Meter my token usage DON'T tell me when I can use them! ARGH.
From what I've been gathering, this split in success seems to depend a lot on the types of tasks, the domains / programming languages / frameworks used, and style of prompting.
I couldn't get 5.2 to follow instructions for the life of me, even when repeating multiple times to do / not do something. 5.3-codex was an improvement and 5.4 while _usually_ decent still regularly forgets, goes on unnecessary tangents, or otherwise repeatedly stops just to ask for continuation.
Sure, I'm paying 3x more per request, but I'm also doing 5x fewer requests.
Or well, used to. Still bummed about them dropping 4.6.
As far as I can tell, the distinctive feature of my workflow is that I'm giving it small, contained single-commit-sized tasks and limited context. For instance: "For all controller `output()` functions under `Controller/Edit/` and `Controller/Report/`, ensure that they check `Auth::userCanManage`." Others seem to be taking bigger swings.
It felt like I constantly have to go back and either fix things or I just didn't like the results. Like the forward momentum/progress on my projects overally wasn't there over time. Even with tho its cheaper it just doesn't feel worth it, to the point I start to feel negative emotions.
I'm actually a bit worried that I've somehow become to feel more negative emotions with agentic coding. Quicker to feel frustrated somehow when things aren't working.
The joke is on them, though (maybe) because this also means that there's literally no reason to keep that account active.
This points toward a deeper issue though. We’ll probably see more individual offerings dry up over time. That means you’ll have individuals stuck with hand coding while the hyper productive AI assisted coders will all be at large organizations. If that happens, we’ll enter a phase where computing will once more be available exclusively to the elite few.
Given that they've already silently had session + weekly rate limits for the past couple weeks already at least (I've hit them), I wonder if this change is just making them visible to the user, or if it's actually tightening them too.

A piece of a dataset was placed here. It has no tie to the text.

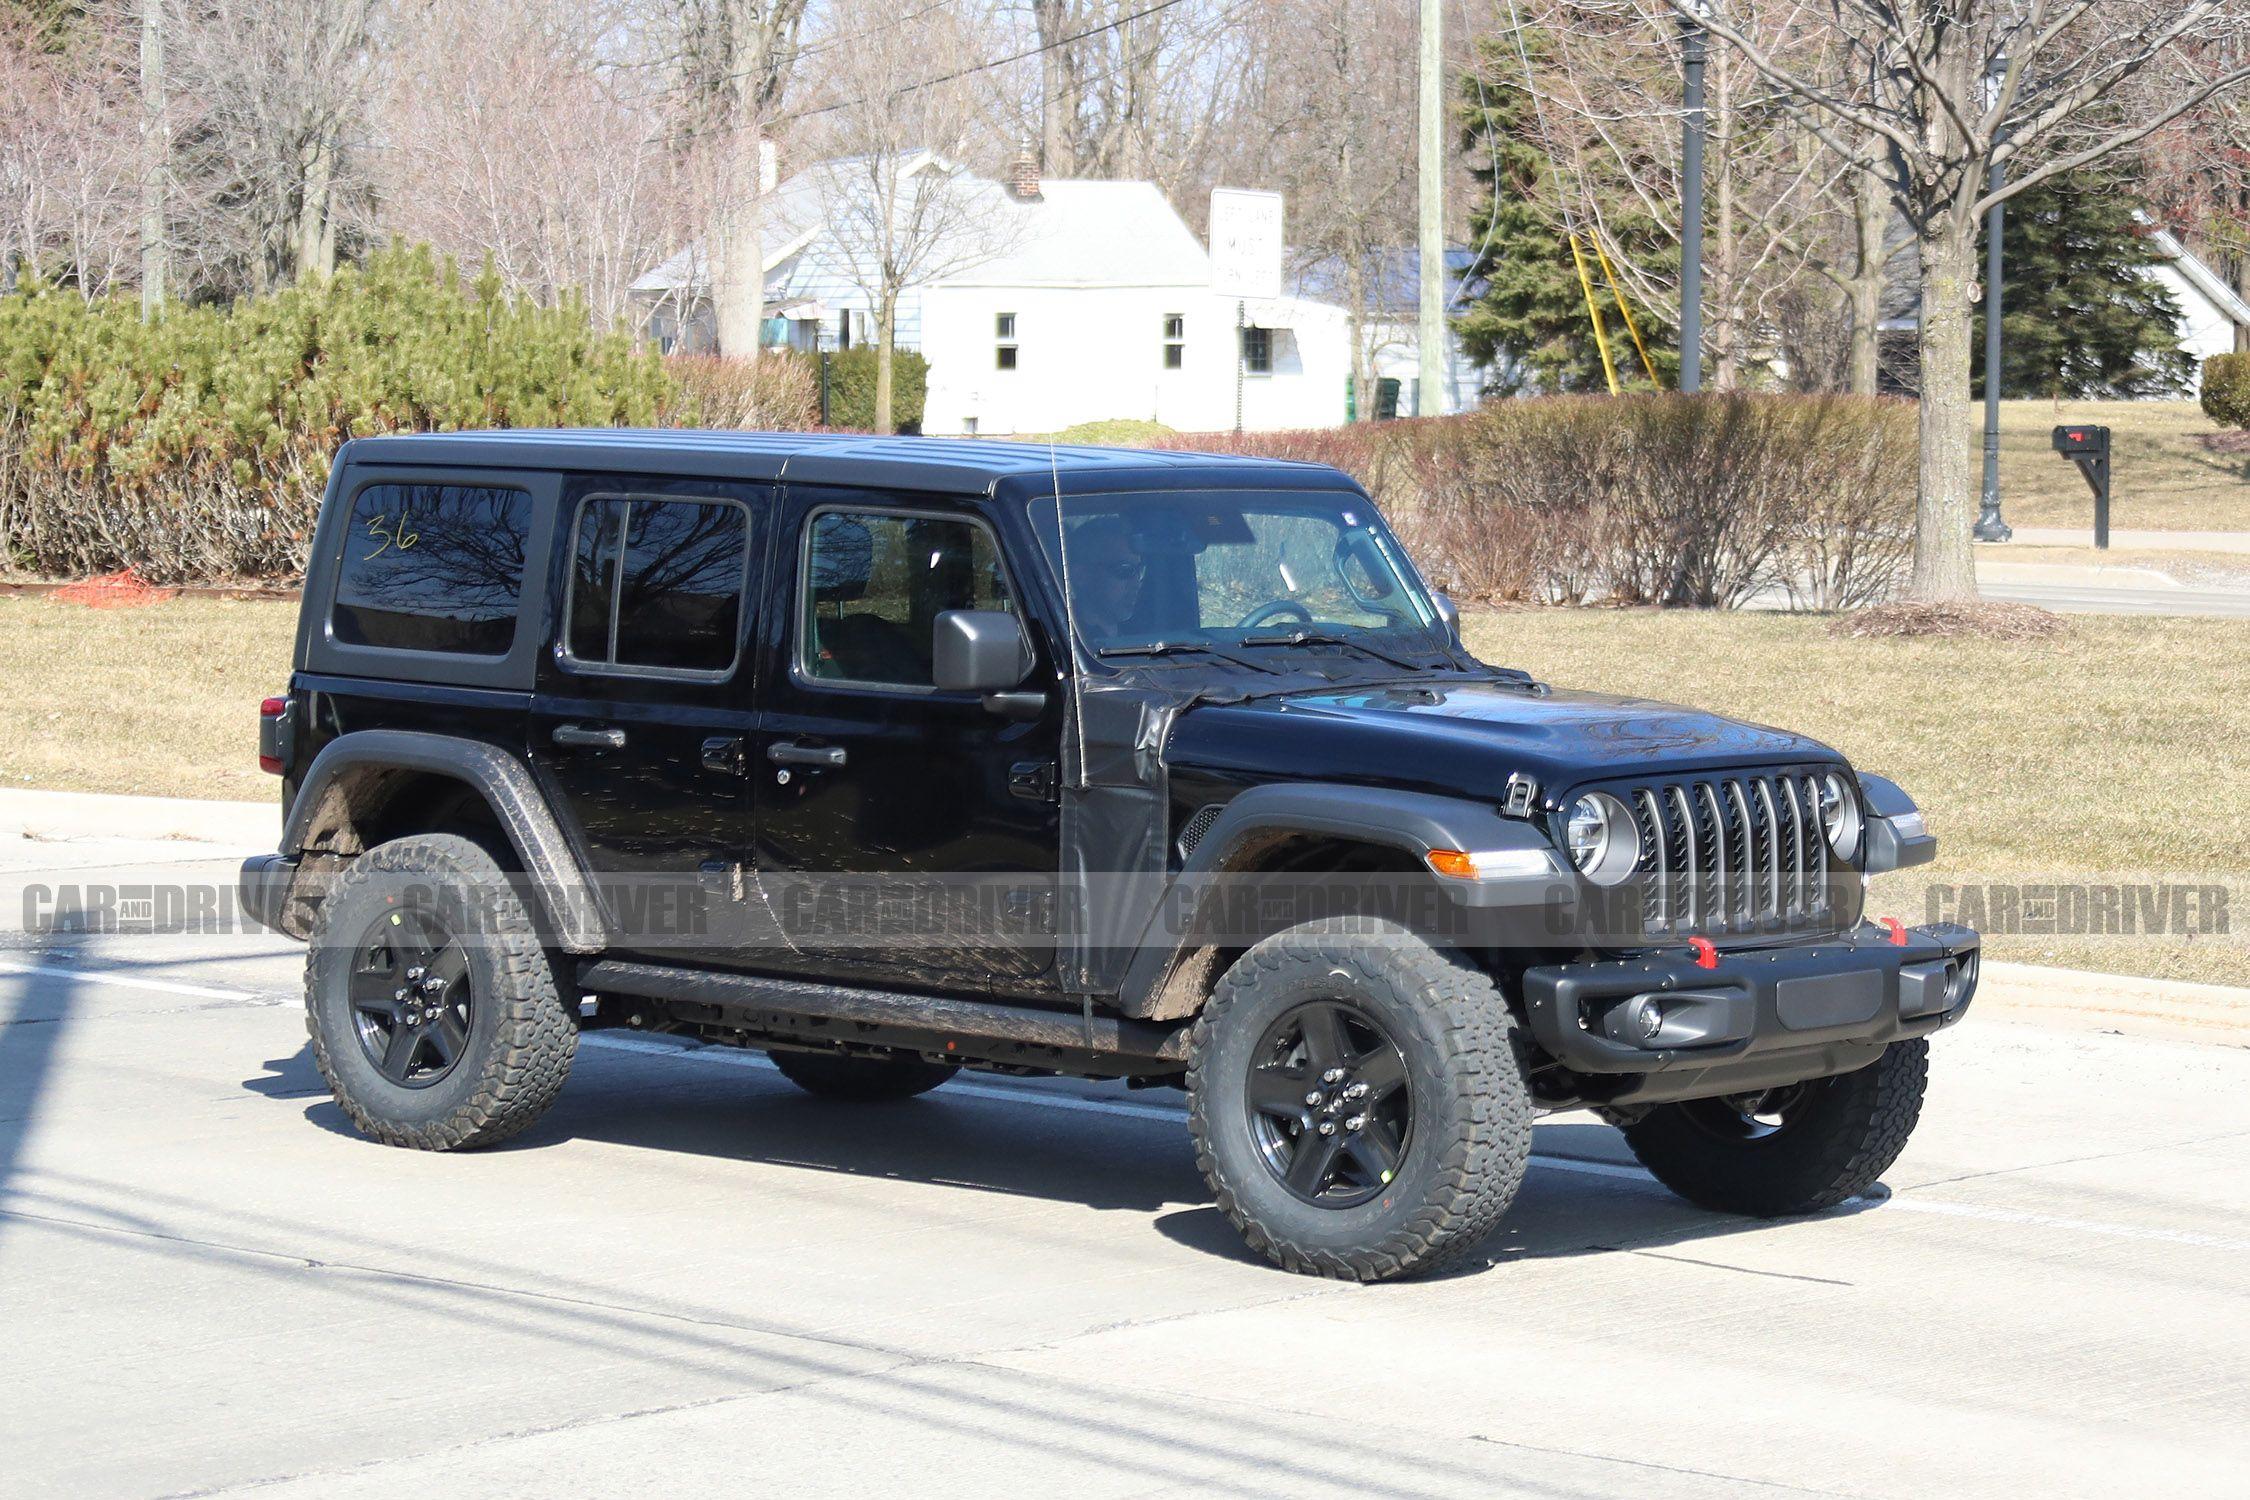 Jeep Wrangler PHEV Prototype

If it's the former then I can say they're still significantly more generous than claude pro (on the pro+ plan), so this might be okay. If it's the latter, and the new limits are similar to claude pro then copilot is going to be significantly less useful to me.
The per-request model was pretty insane.
And you can then cancel it. I have no idea what a premium request is and it's all just too complicated to use.

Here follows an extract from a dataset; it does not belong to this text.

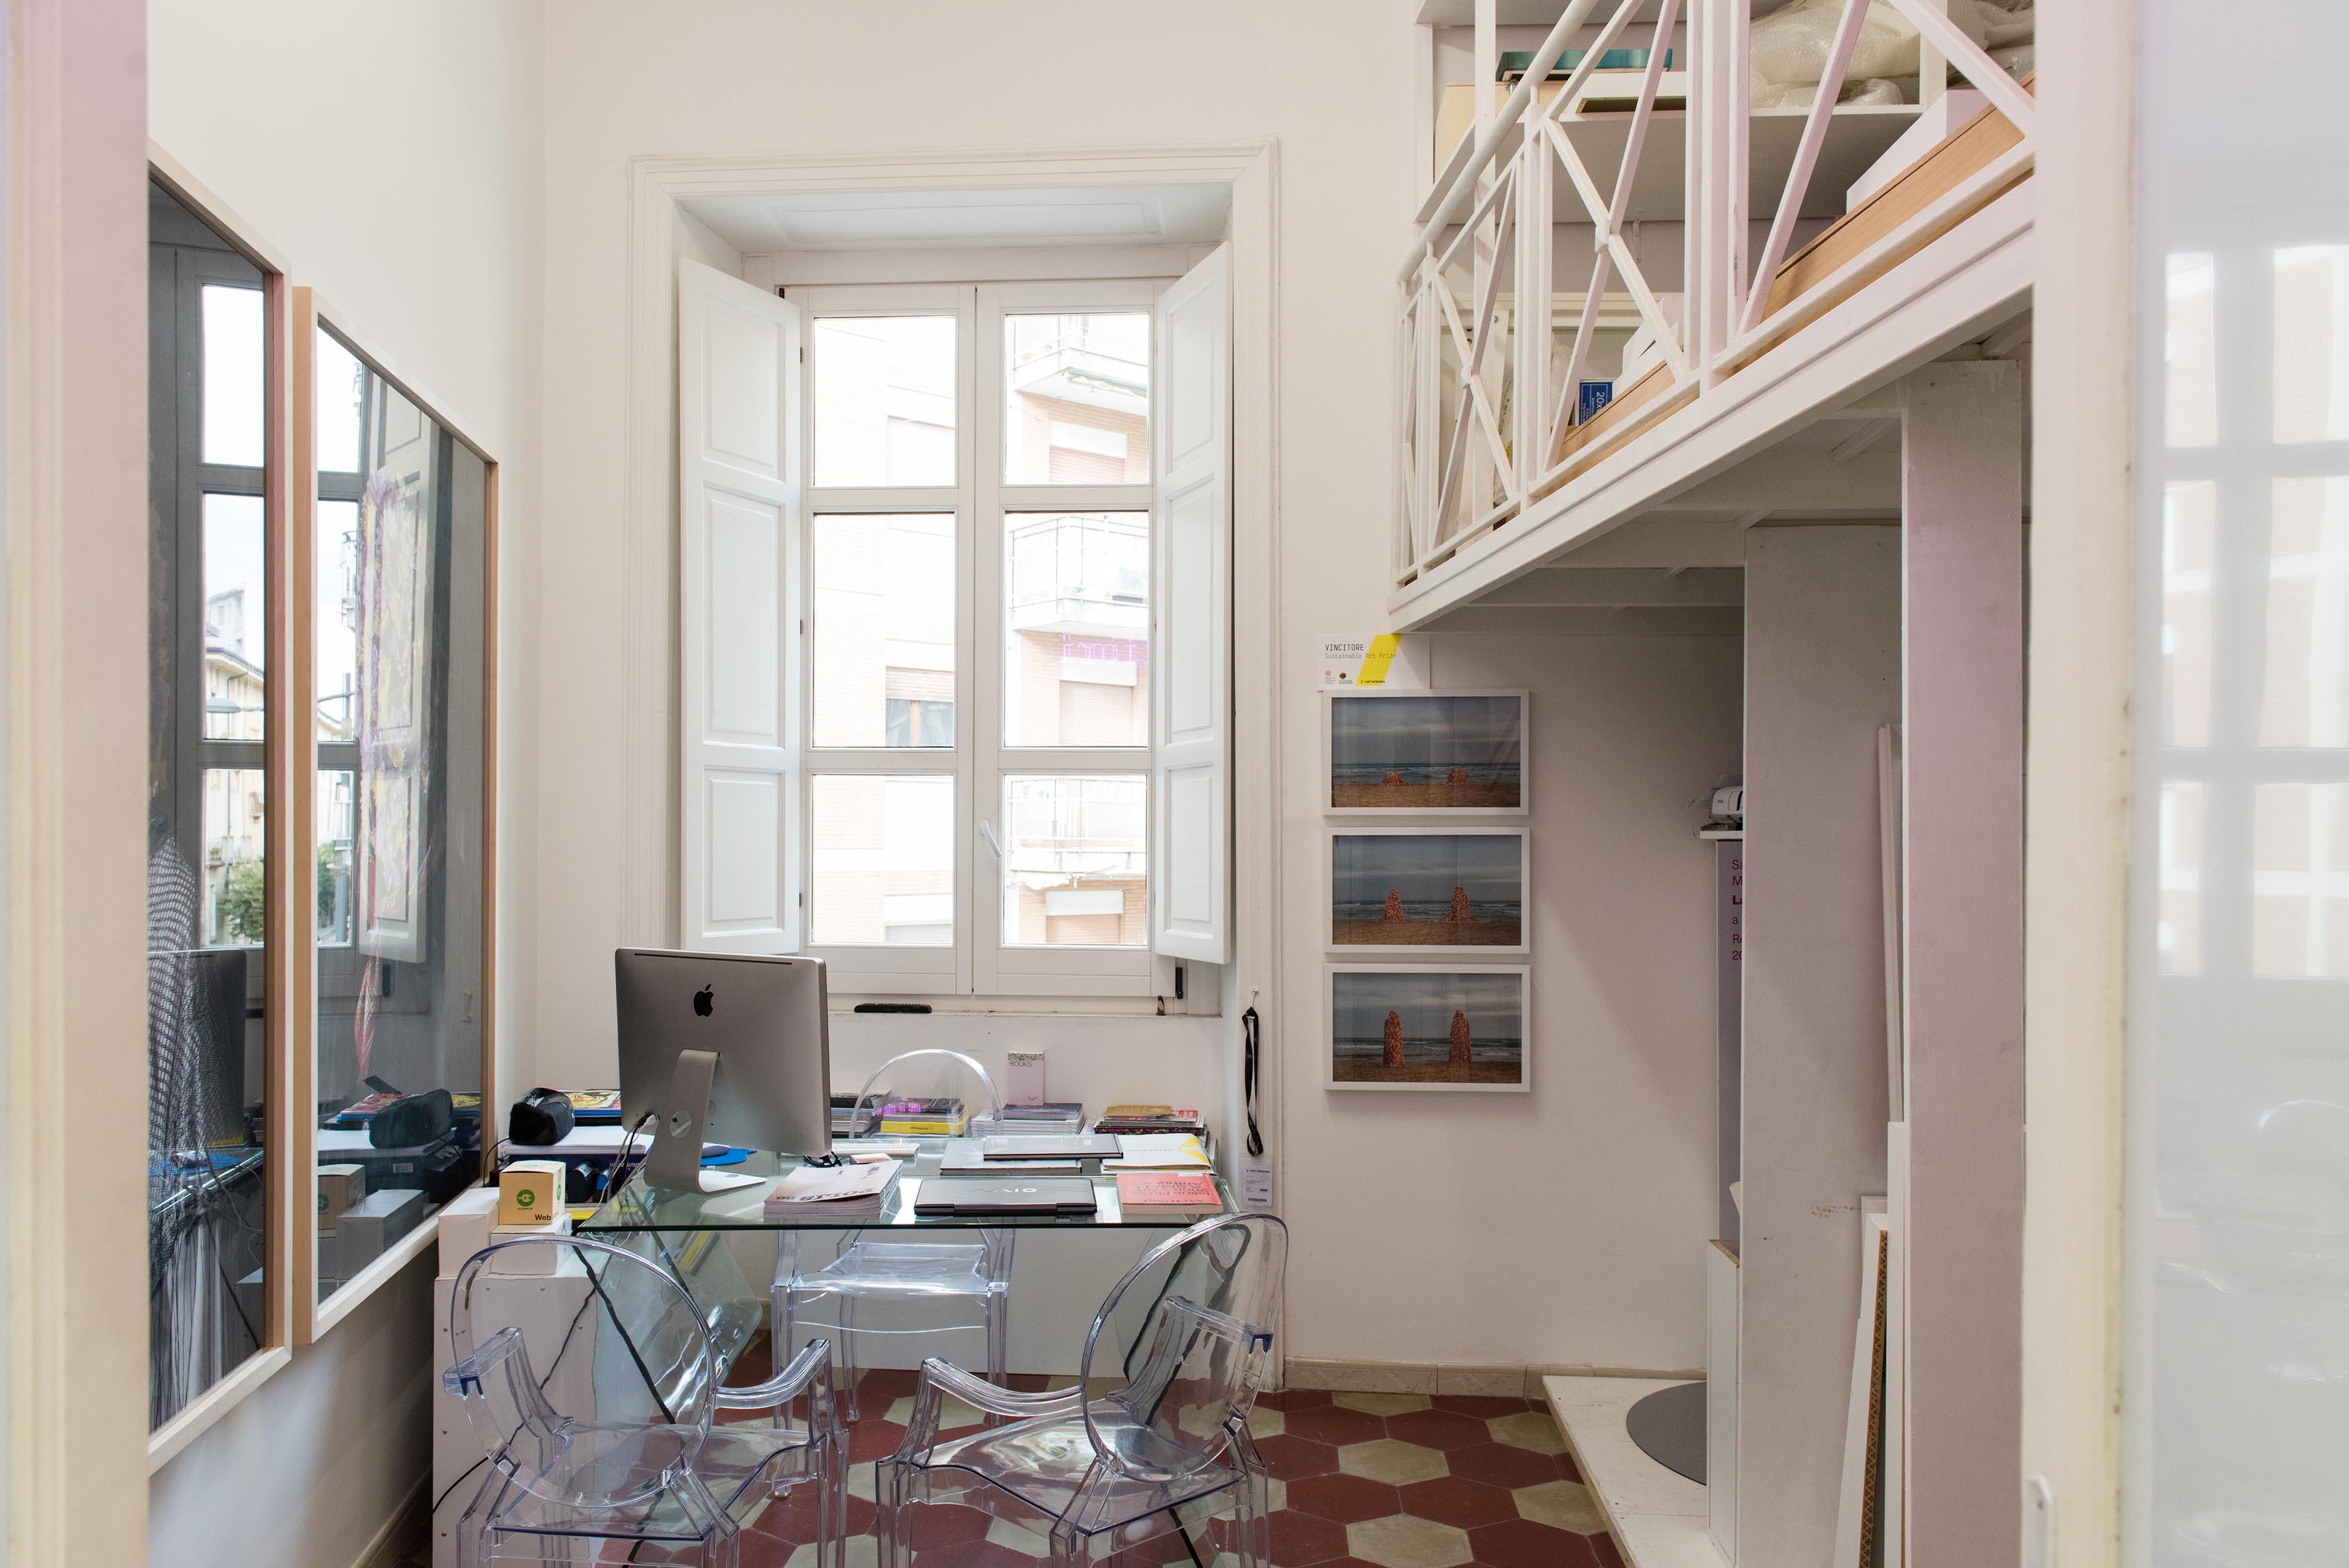 aA29 Project Room,nuovi spazi a Palazzo dei Commestibili

Copilot (before today) had one of the simplest & cheapest pricing on the market.
Pricing per turn/request was/is an idiotic model and I'm glad they are paying for it. It just forces you into a workflow just to work around business model. Heck the best laugh would be to create a plan outside vscode with interactive CC/Codex then copy paste into GH copilot to do a single session burn of few M tokens.
Again ridiculous model.
I subscribed two months ago, frustrated with Claude Code and their tight session limits.
The Copilot offer was unbeatable 100 dollars for a 12 months plan, if I remember correctly.
It was pretty clear they were losing money, but hey, it's Microsoft and they need customers, so a competitive push on pricing is expected.
Let's see what these limits look like and I'll decide whether to cancel my subscription or not.
Still a terrible move from them.
I'm a paying customer and I did not receive ANY communication about this. Was using Opus this afternoon and then it disappeared.
Microsoft really can't stop being Microsoft. I don't dispute the need to charge more for those models, but there is a basic decency to do things and as usual the Big Tech fuckery and complete lack of morals makes them do this in a way that generates total mistrust where it could be just annoyance.
I'll see how Sonnet handles the most difficult problems but I'm foresee a subscription cancelation soon.
They're all operating at a loss, enshittification is coming for us all.